32-bit numbers can take 4G = 2^32 different values. There are 2.5*2^32 numbers on tape total. So after 2^32 count one of numbers will repeat 100%. If there were <= 2^32 numbers on tape then it was possible that there are two different cases – when all numbers are different or when at least one repeats.
It's a trick question, as Michael Anderson and I have figured out. You can't store 10G 32b numbers on a 10G tape. The interviewer (a) is messing with you and (b) is trying to find out how much you think about a problem before you start solving it.
The utterly naive algorithm, which takes as many passes as there are numbers to check, would be to walk through and verify that the lowest number is there. Then do it again checking that the next lowest is there. And so on.
This requires one word of storage to keep track of where you are - you could cut down the number of passes by a factor of 64 by using all 64 words to keep track of where you're up to in several different locations in the search space - checking all of your current ones on each pass. Still O(n) passes, of course.
You could probably cut it down even more by using portions of the words - given that your search space for each segment is smaller, you won't need to keep track of the full 32-bit range.

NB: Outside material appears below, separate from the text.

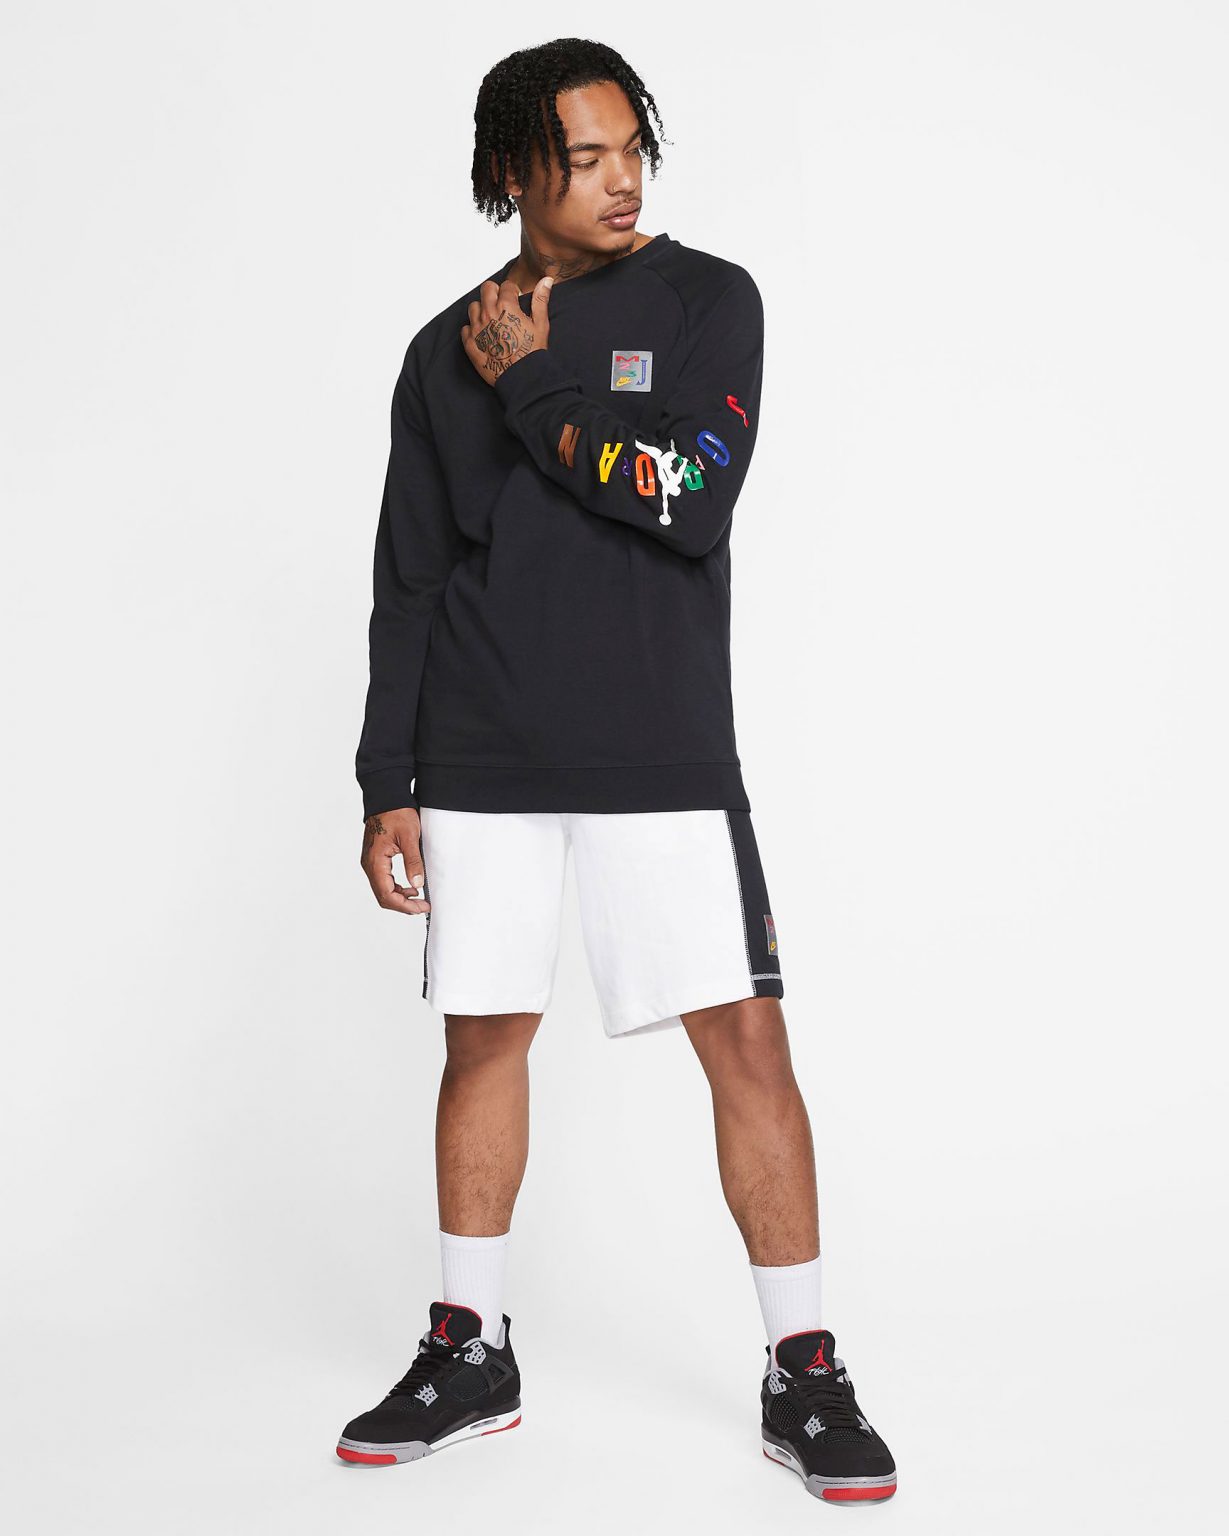 Jordan 4 Black Cat 2020 Sneaker Outfits | SneakerFits.com

Perform an in-place mergesort or quicksort, using tape for storage? Then iterate through the numbers in sequence, tracking to see that each number = previous+1.

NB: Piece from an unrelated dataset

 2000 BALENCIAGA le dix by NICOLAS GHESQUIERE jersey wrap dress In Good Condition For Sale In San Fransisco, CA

Requires cleverly implemented sort, and is fairly slow, but achieves the goal I believe.
Edit: oh bugger, it's never specified you can write.
Here's a second approach: scan through trying to build up to 30-ish ranges of contiginous numbers. IE 1,2,3,4,5 would be one range, 8,9,10,11,12 would be another, etc. If ranges overlap with existing, then they are merged. I think you only need to make a limited number of passes to either get the complete range or prove there are gaps... much less than just scanning through in blocks of a couple thousand to see if all digits are present.
It'll take me a bit to prove or disprove the limits for this though.
Do 2 reduces on the numbers, a sum and a bitwise XOR.
The sum should be (10G + 1) * 10G / 2
The XOR should be ... something
It looks like there is a catch in the question that no one has talked about so far; the interviewer has only asked the interviewee to write a program that CHECKS
(i) if each number that makes up the 10G is present once and only once--- what should the interviewee do if the numbers in the given list are present multple times? should he assume that he should stop execting the programme and throw exception or should he assume that he should correct the mistake by removing the repeating number and replace it with another (this may actually be a costly excercise as this involves complete reshuffle of the number set)? correcting this is required to perform the second step in the question, i.e. to verify that the data is stored in the best possible way that it requires least possible passes.
(ii) When the interviewee was asked to only check if the 10G weight data set of numbers are stored in such a way that they require least paases to access any of those numbers;
what should the interviewee do? should he stop and throw exception the moment he finds an issue in the algorithm they were stored in, or correct the mistake and continue till all the elements are sorted in the order of least possible passes?
If the intension of the interviewer is to ask the interviewee to write an algorithm that finds the best combinaton of numbers that can be stored in 10GB, given 64 32 Bit registers; and also to write an algorithm to save these chosen set of numbers in the best possible way that require least number of passes to access each; he should have asked this directly, woudn't he?
I suppose the intension of the interviewer may be to only see how the interviewee is approaching the problem rather than to actually extract a working solution from the interviewee; wold any buy this notion?
Regards,
Samba